# Продукты компании Norman ASA: Новости



## Mila (2 Ноя 2009)

*Антивирусы: Norman Malware Cleaner v.2009.10.30*

Norman Malware Cleaner - бесплатная утилита, которая после запуска сканирует ПК, обнаруживает и удаляет с компьютера различные виды вредоносного ПО. Программа способна завершать процессы инфицированных приложений, удаляет их из памяти, реестра и с диска, очищает host-файл, удаляет разрешения из брендмауэра Windows. Поддерживается очистка следующих вирусов: Agent, Bagle, Blaster, Dloader, Dumaru, Feebs, JS/Small, Lovgate, Mitglied, Mydoom, Mytob, Navipromo, Netsky, Newdotnet, Renos, Sasser, Sdbot, Sircam, Small.KI, Sober, Sobig, Spyaxe, Spybot, Spywad, Startpage, Swen, Yaha, Zafi, Zlob, Zotob и др.

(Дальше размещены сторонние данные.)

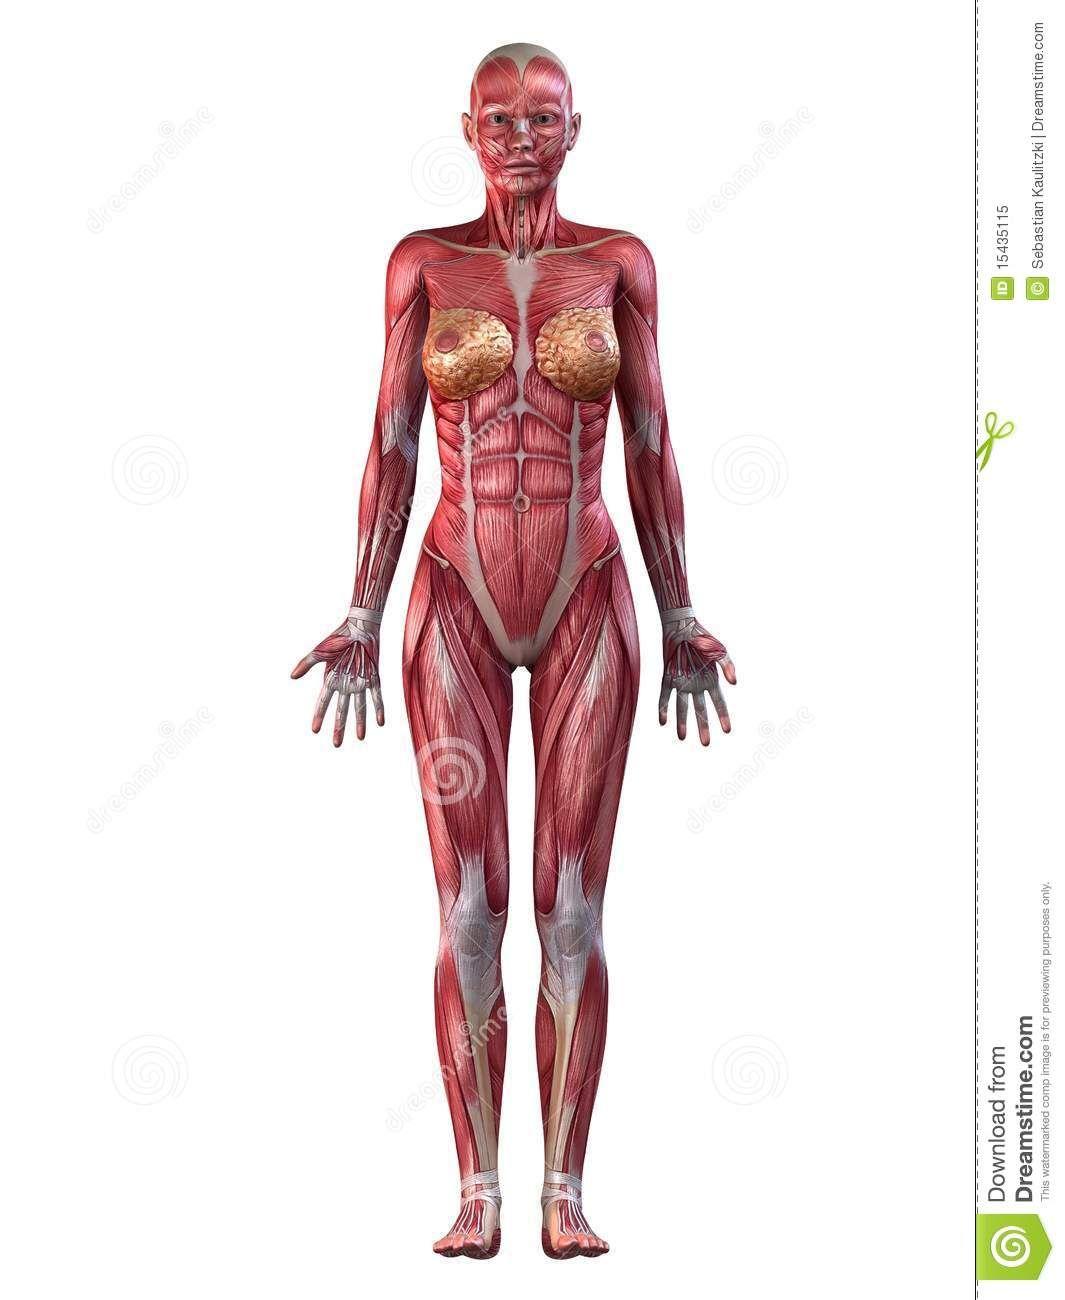 sistema muscular femenino - Buscar con Google | muscle | Pinterest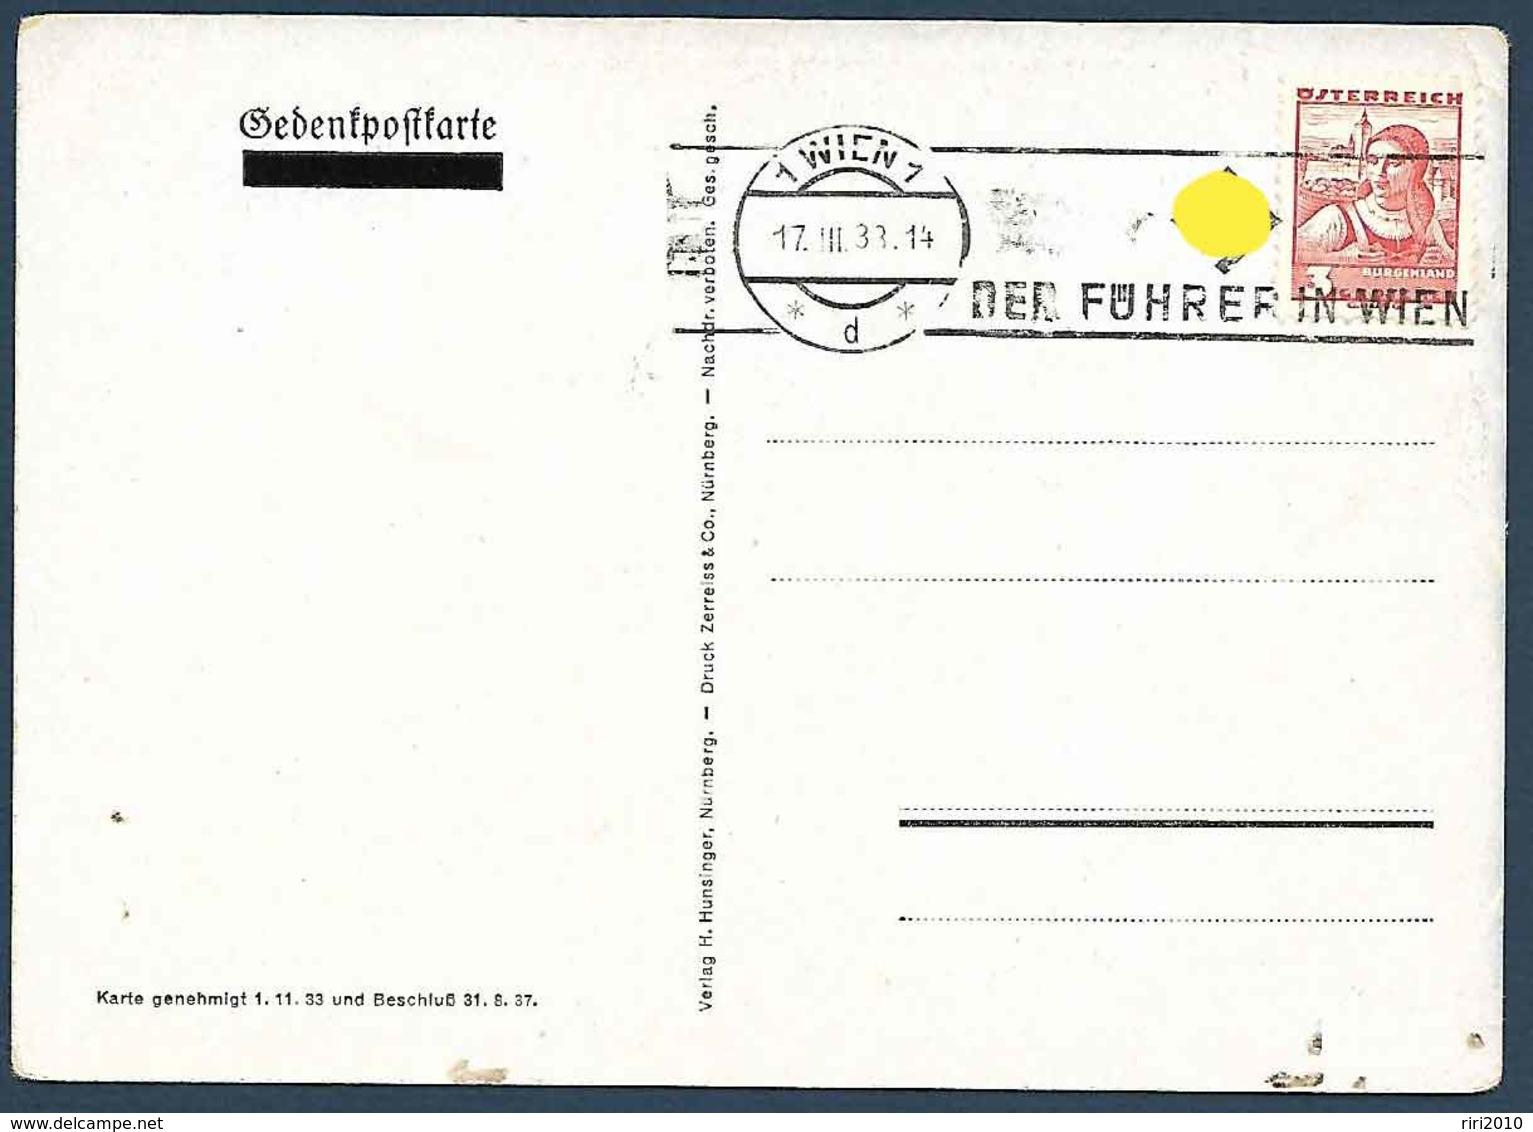 Carte De Propagande - Und Jhr Habt Doch Gesiegt -1933 - Militaria

Получить Norman Malware Cleaner v.2009.10.30 можно тут (49,6 Мб, Freeware, Windows All).


----------



## Severnyj (2 Ноя 2010)

*Norman Malware Cleaner v.2010.11.01*

Обновился Norman Malware Cleaner - бесплатная утилита, которая после запуска сканирует ПК, обнаруживает и удаляет с компьютера различные виды вредоносного ПО.

Источник
Скачать


----------



## Саныч (14 Июн 2011)

*Антивирусы: Norman Malware Cleaner v.2011.06.13*

Обновился Norman Malware Cleaner - бесплатная утилита, которая после запуска сканирует ПК, обнаруживает и удаляет с компьютера различные виды вредоносного ПО.






Получить Norman Malware Cleaner v.2011.06.13 можно здесь (139,8 МБ, Freeware, Windows All).

Источник


----------



## Severnyj (20 Июл 2011)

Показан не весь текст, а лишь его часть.